■ **What the task asks**: From the records below, output exactly the lines running from the line containing "Kenta Cobayash x" through the line containing "中京 2014年12月20日 （土） ： 11R － 分析データ", and no others.

■ **Material to process**:
==================================================

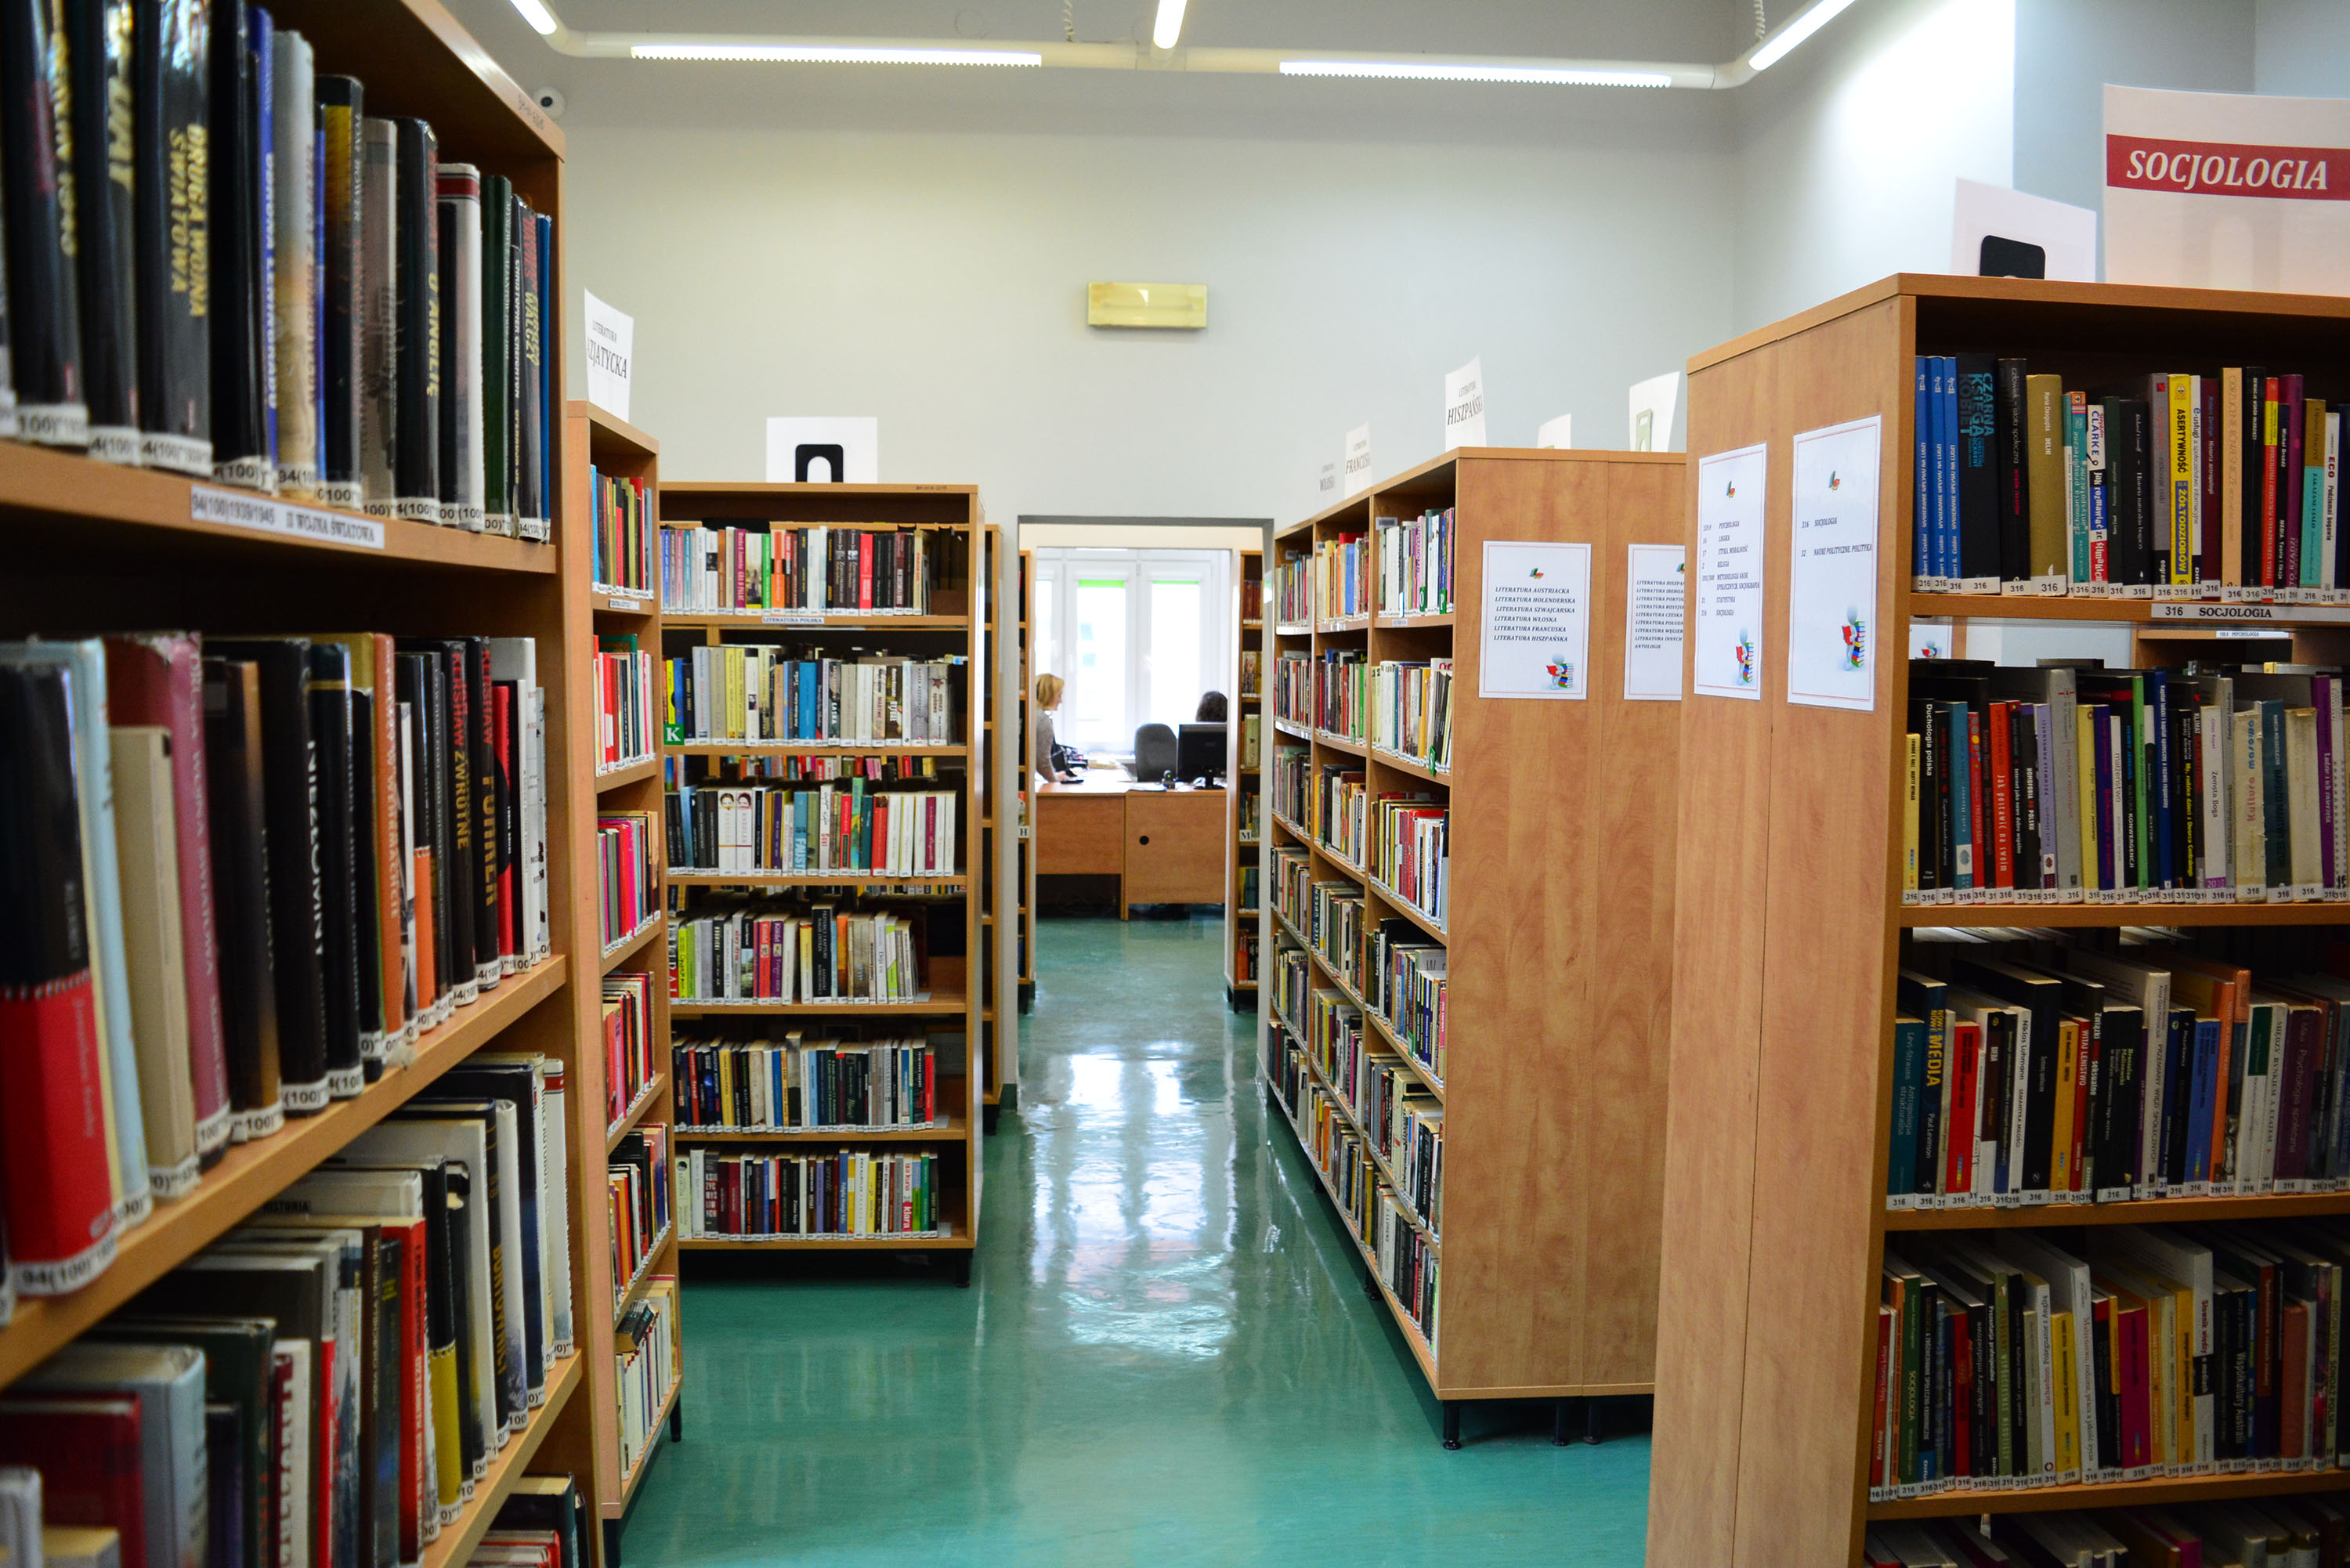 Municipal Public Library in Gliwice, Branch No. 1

==================================================

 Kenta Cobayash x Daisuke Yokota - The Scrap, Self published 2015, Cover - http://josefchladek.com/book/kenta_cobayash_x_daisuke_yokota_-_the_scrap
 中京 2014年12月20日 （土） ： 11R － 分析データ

==================================================

■ **Solution for this exercise**:
 Kenta Cobayash x Daisuke Yokota - The Scrap, Self published 2015, Cover - http://josefchladek.com/book/kenta_cobayash_x_daisuke_yokota_-_the_scrap
 中京 2014年12月20日 （土） ： 11R － 分析データ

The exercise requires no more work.